*** Supplied data Section Begins ***
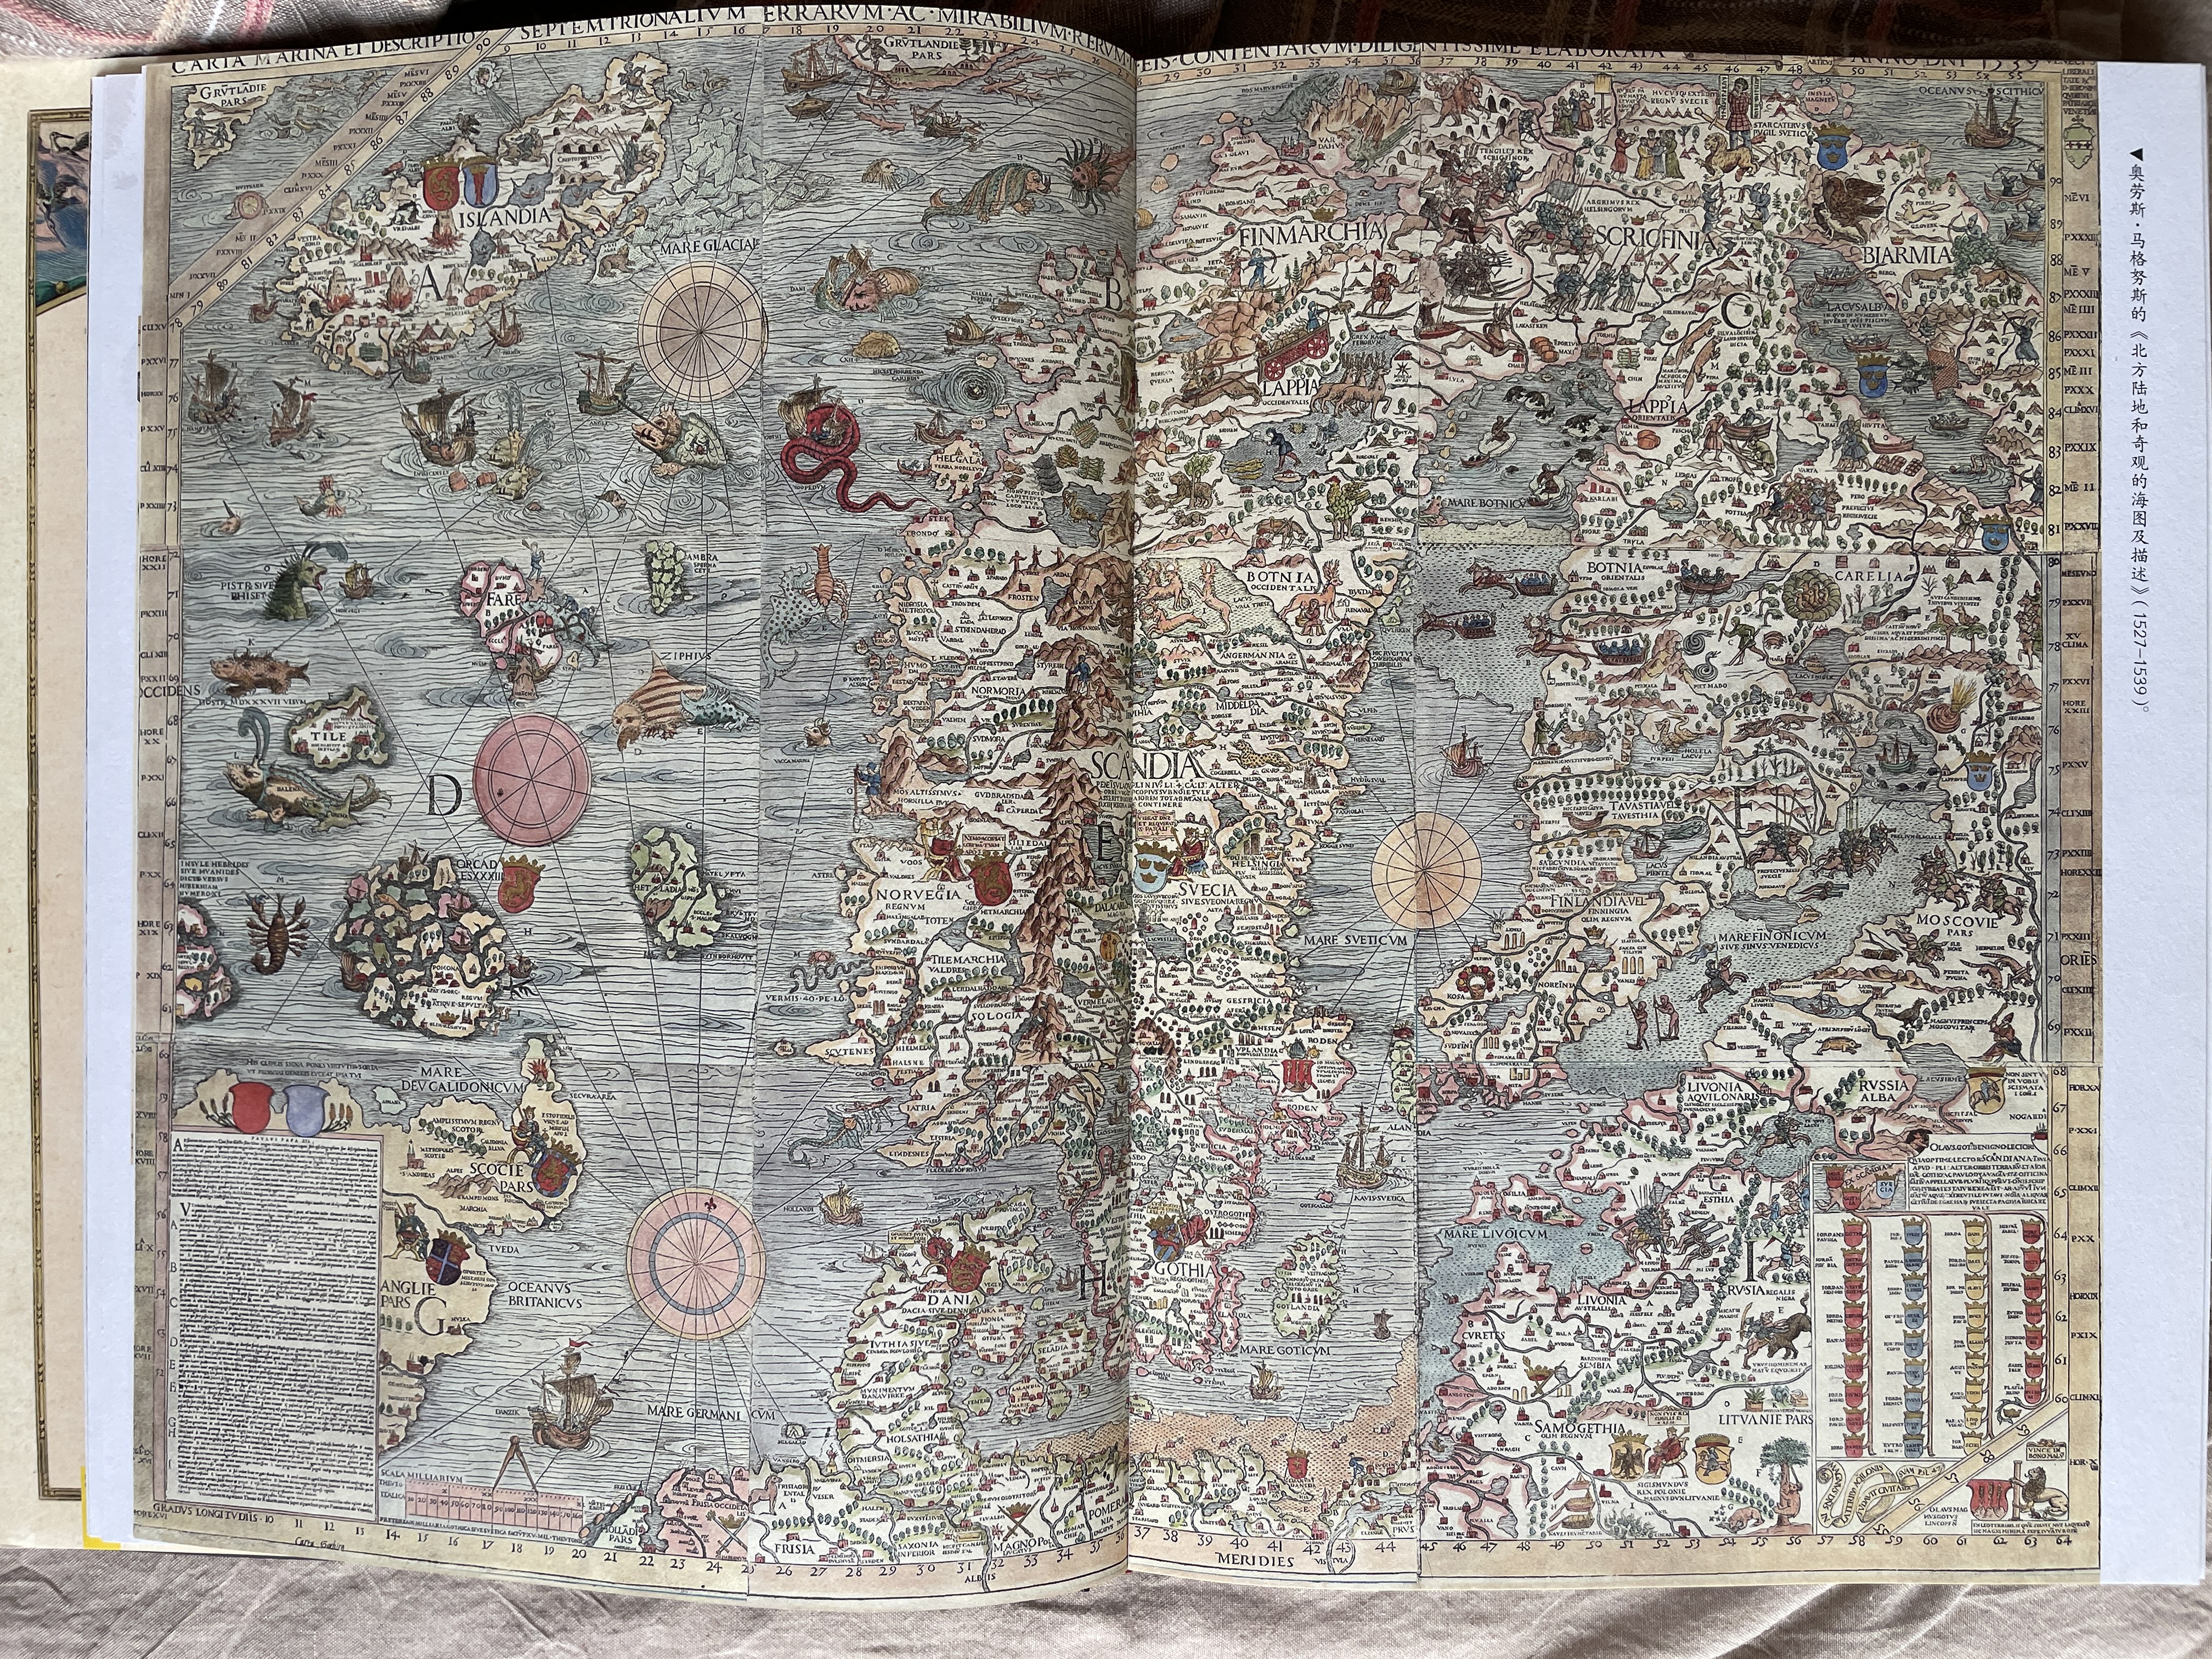 繪製於1539年的斯堪的納維亞地區海圖
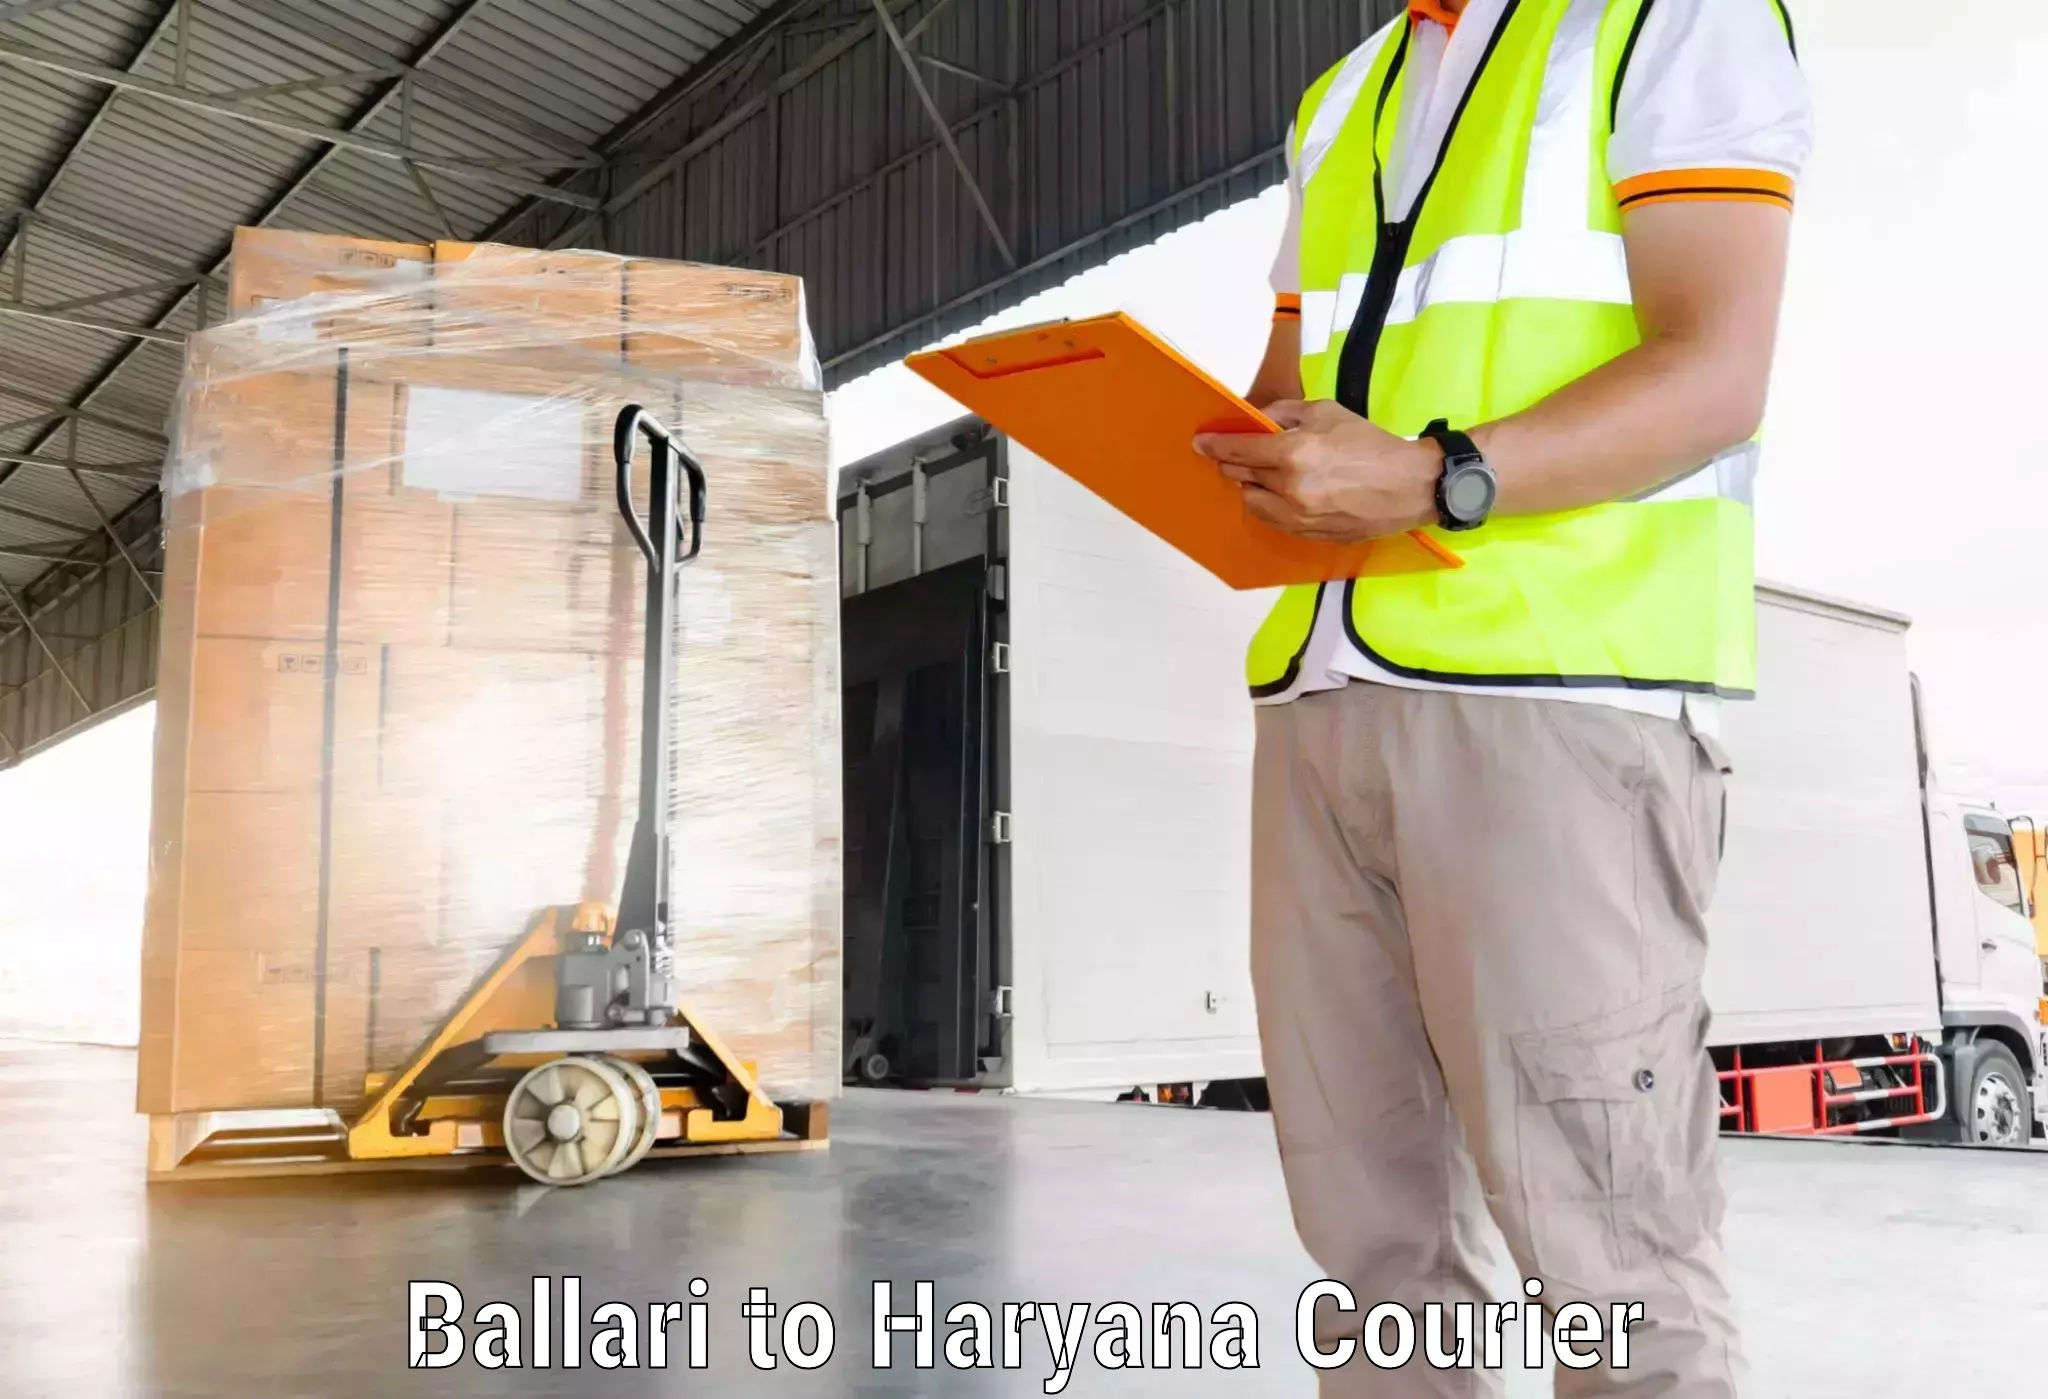 Cargo delivery service Ballari to Ellenabad
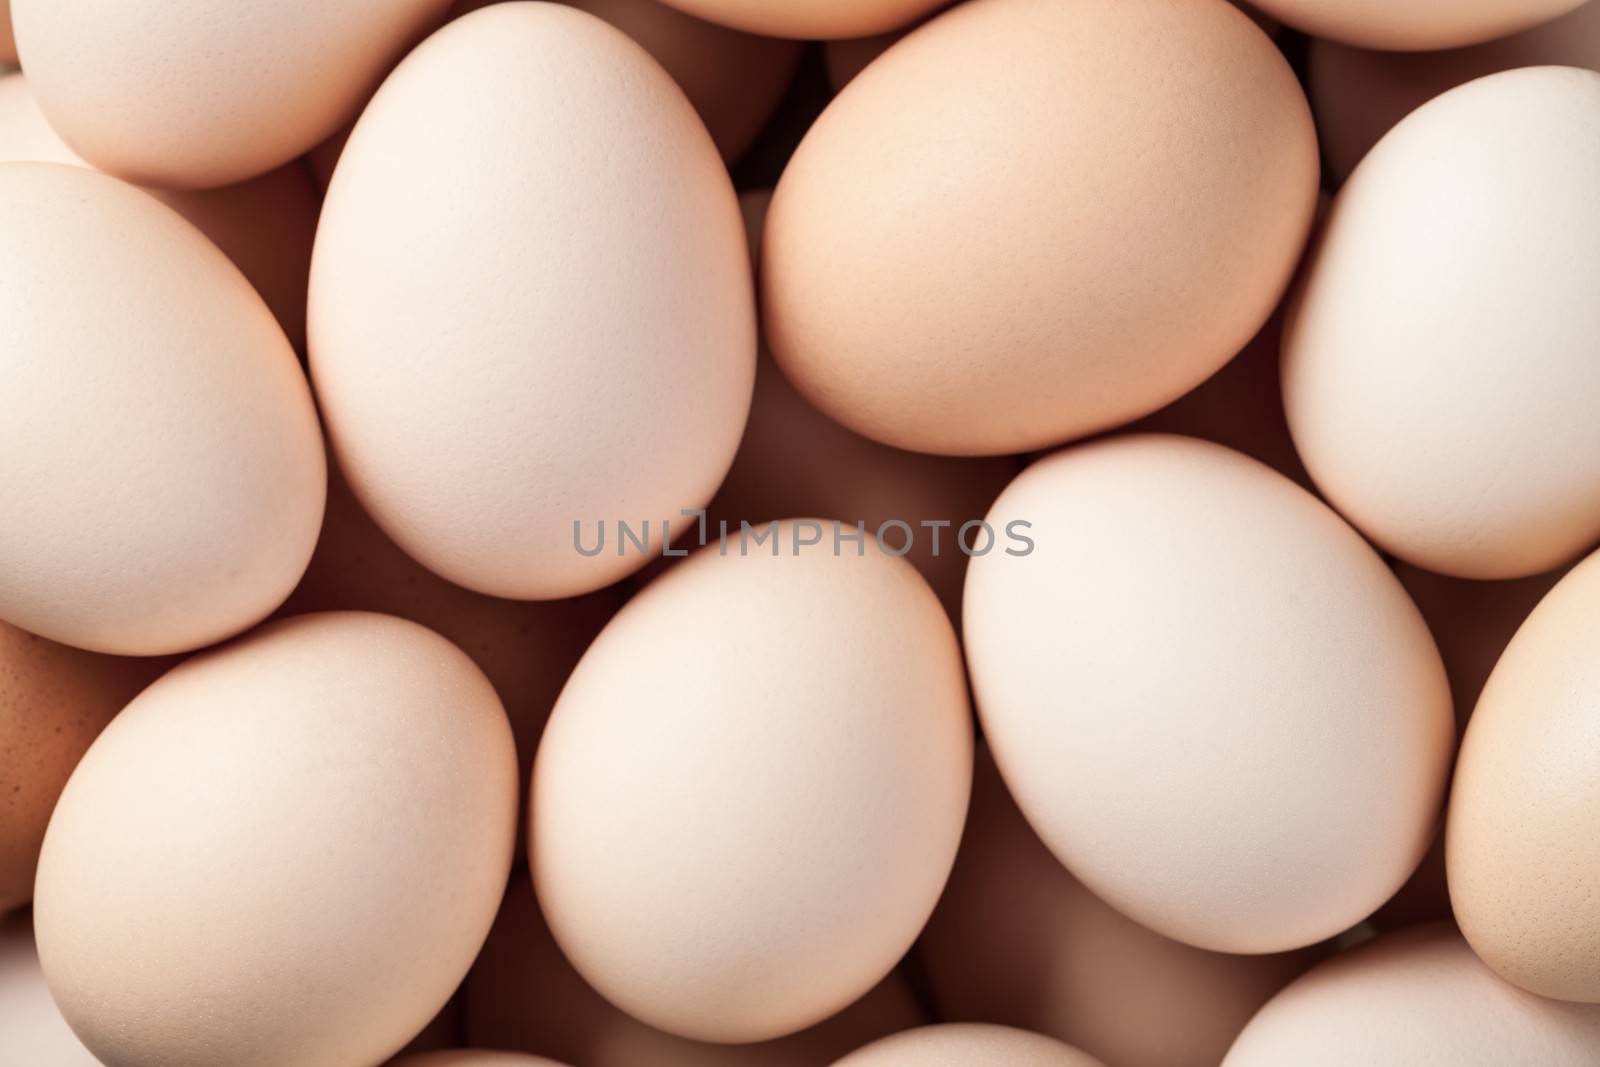 Fresh brown chicken eggs background. Top view
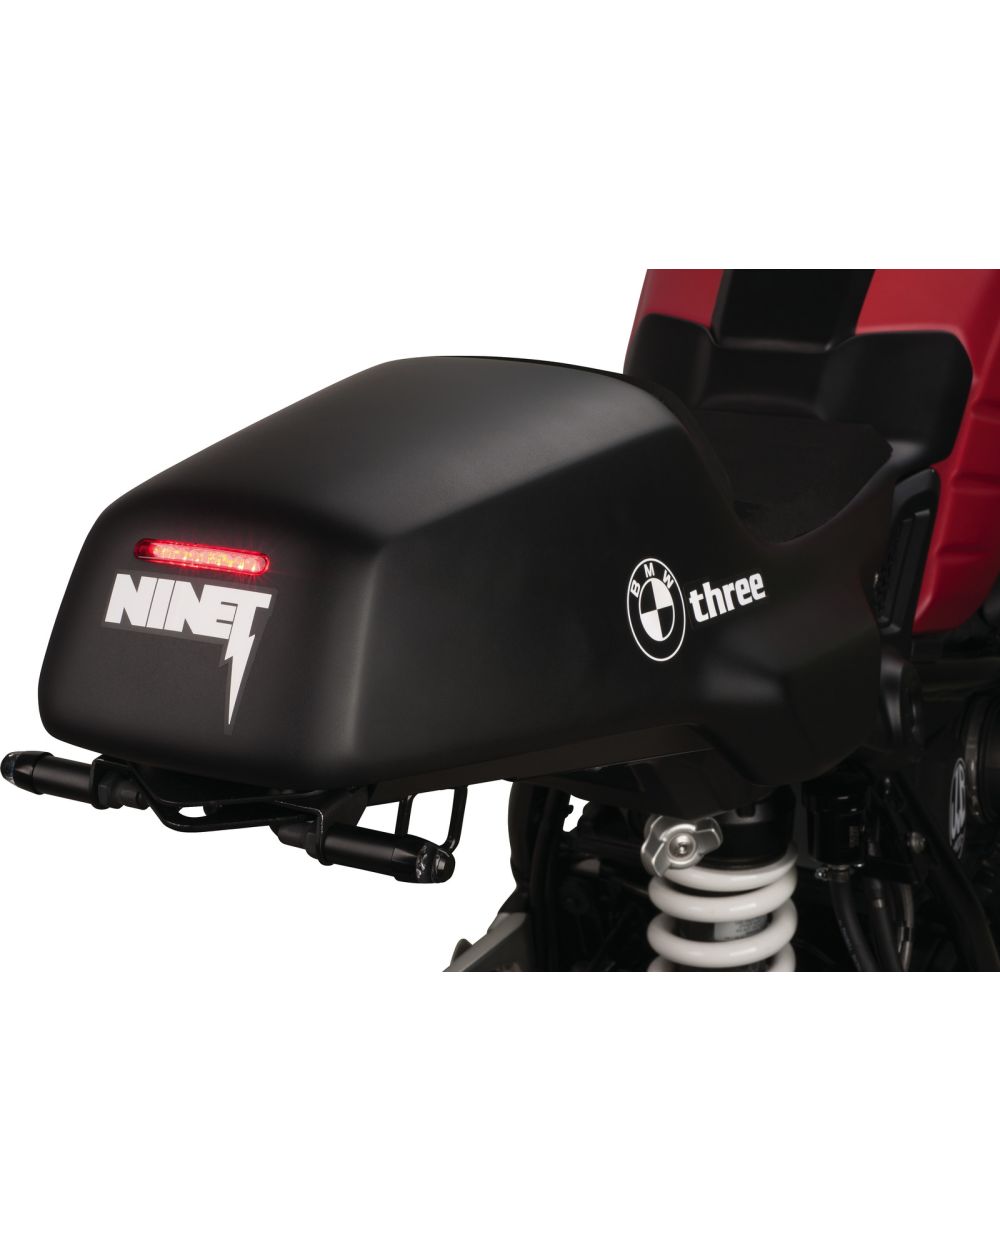 JvB-moto Racer-Heck, GFK, inkl. Montage-Set und LED-Rücklicht (Lieferung  ohne Sitzpolster, siehe z.B. Art. JVB0059)
*** Supplied data Section Ends ***
In your output, include only the lines from the line containing "Fresh brown chicken" through the last line of the material above, exactly as they appear, and leave out the pictures.

 Fresh brown chicken eggs background. Top view
 JvB-moto Racer-Heck, GFK, inkl. Montage-Set und LED-Rücklicht (Lieferung  ohne Sitzpolster, siehe z.B. Art. JVB0059)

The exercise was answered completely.